Probing the deuteron breakup and linking the cross sections of residue production between the neutron- and deuteron-induced spallation at 500 MeV/nucleon

Background: Cross section data of neutron-induced spallation are requisite in order to study the transmutation of the long-lived fission products from the spallation. However, those data are very scarce at present due to the difficulty of providing a neutron source in the GeV region and the impossibility of the inverse dynamics. Purpose: The present work is an attempt to probe the dynamic process of deuteron breakup in deuteron-induced spallation and discuss the possibility of measuring indirectly the cross section in neutron-induced spallation. Method: The isospin-dependent quantum molecular dynamics model is applied to simulate the spallation process until the excitation energy of the hot fragment is less than 2 MeV/nucleon. The statistical model GEMINI based on the Hauser-Feshbach formalism is used to describe the deexcitation of the hot fragments.
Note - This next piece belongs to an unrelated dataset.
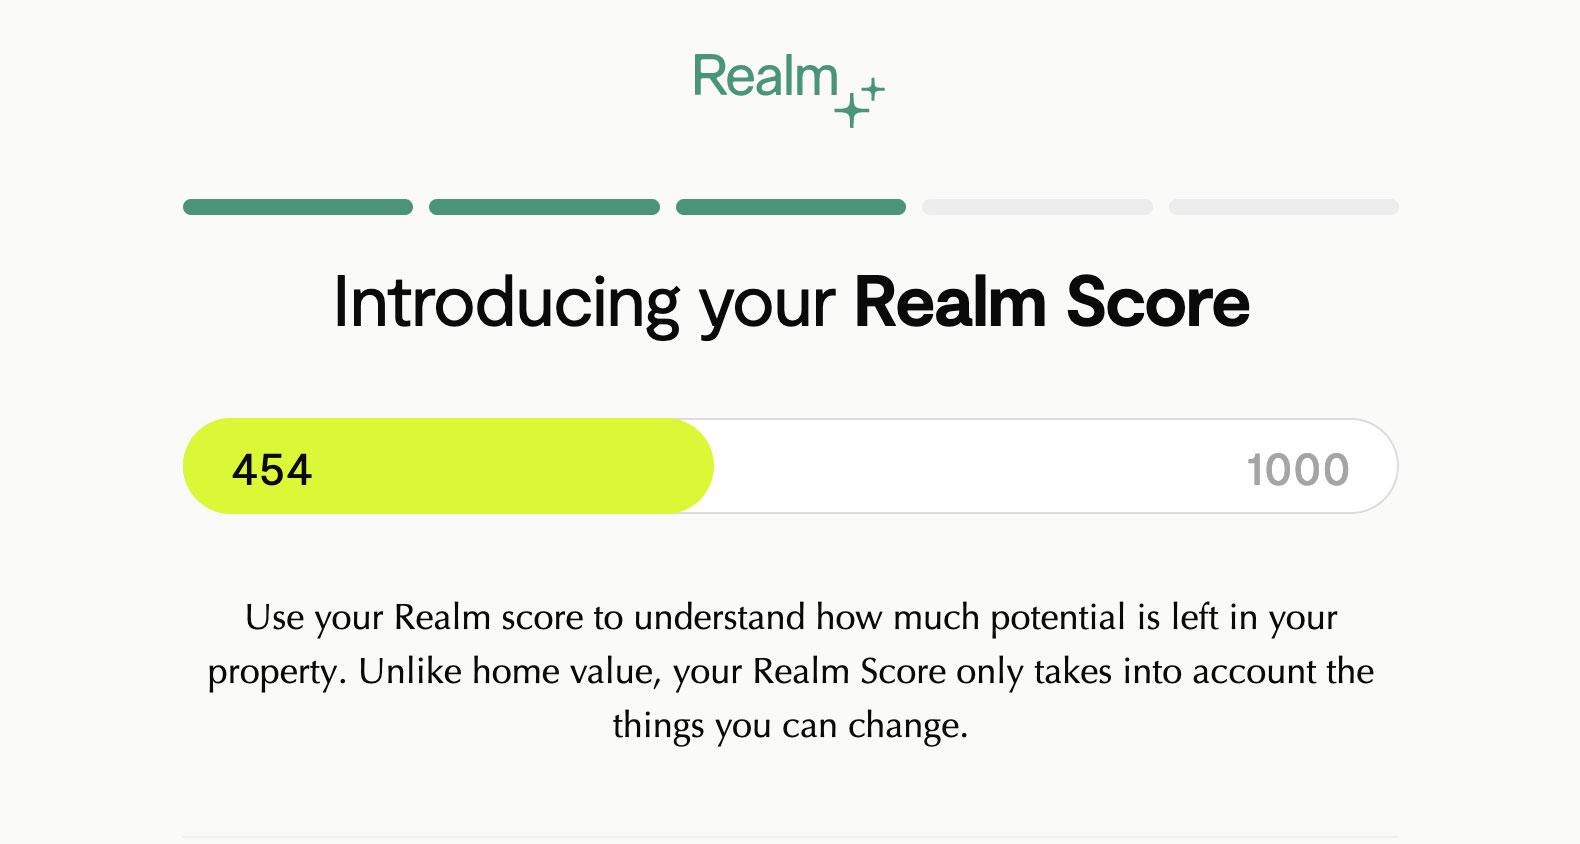 Realm Score
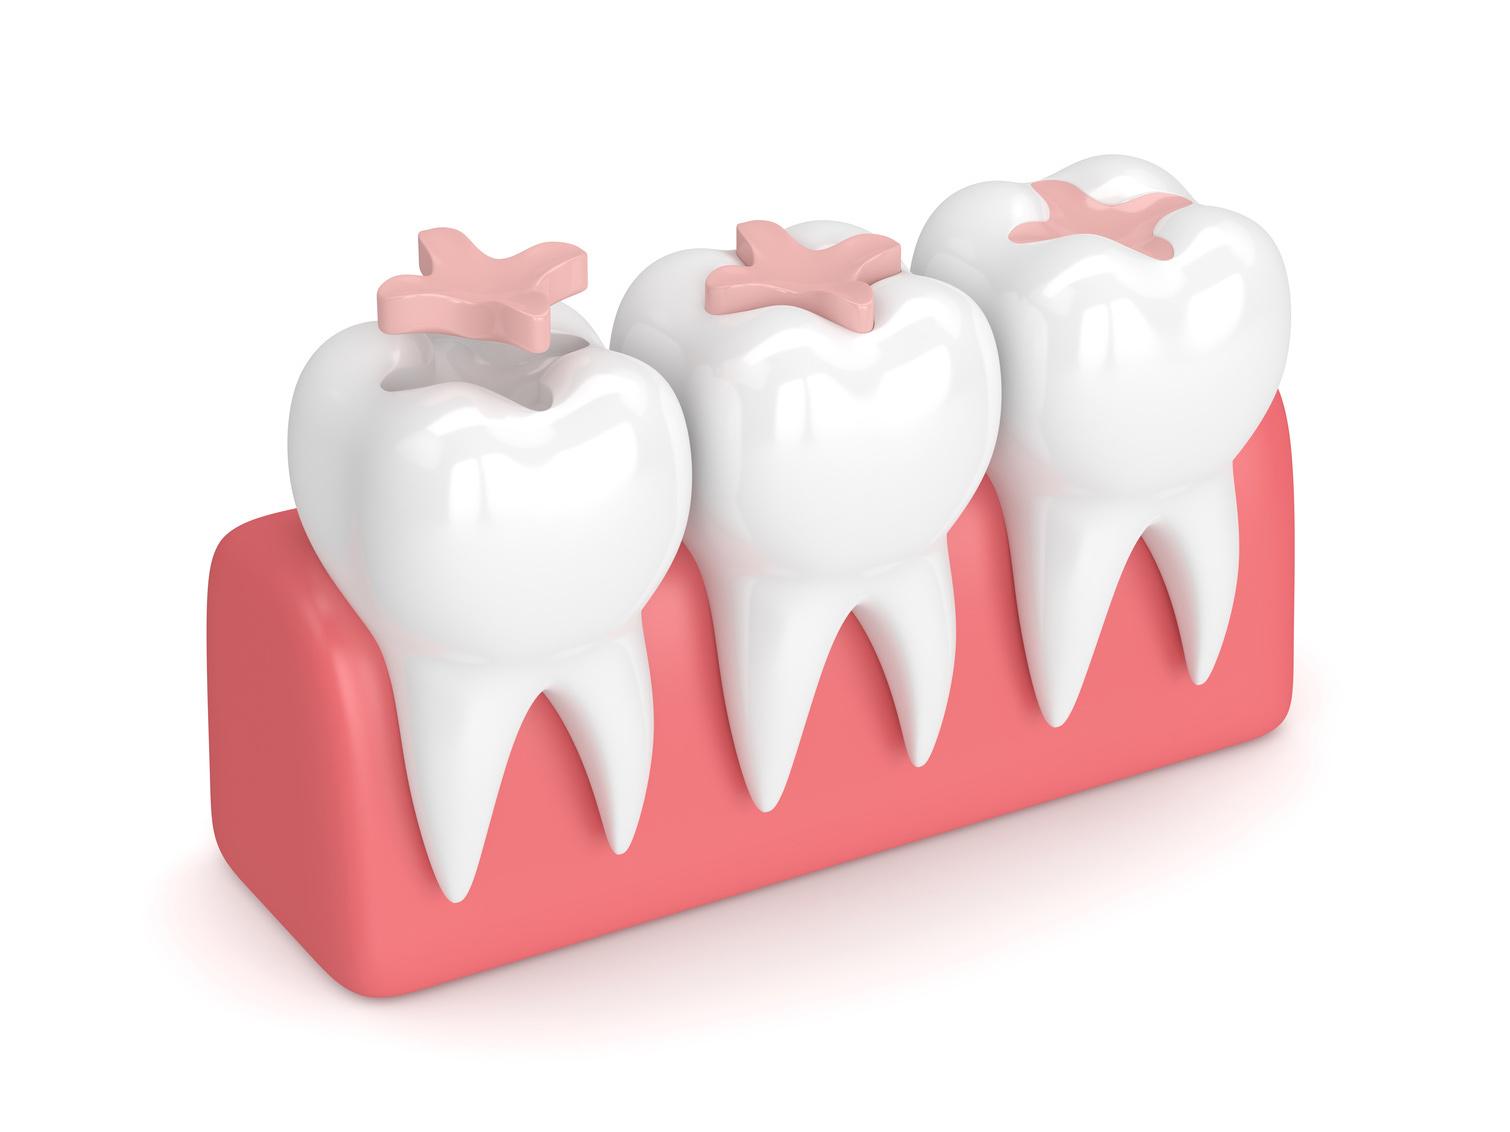 Biss und Kaufunktion sollen wiederhergestellt und verlorengegangene Zahnsubstanz wieder aufgebaut werden.

Results: By comparing the calculations to the data, the theoretical framework is proved to be reasonable when predicting the neutron production in spallation. By investigating the deuteron breakup, deuteron-induced spallation is divided into deuteron absorbing, neutron stripping, proton stripping, and elastic breakup. It is found that the proton stripping plays the dominant role in the production of high-energy neutrons, while the neutron stripping is responsible for the emission of high-energy protons. Due to the weak binding of the deuteron, it is suggested that the combination of neutron stripping and elastic breakup in deuteron-induced spallation is equivalent to neutron-induced spallation. Conclusions: Using the proton recoiling from the deuteron as the trigger signal, deuteron-induced spallation may be applied to measure indirectly the cross section in neutron-induced spallation.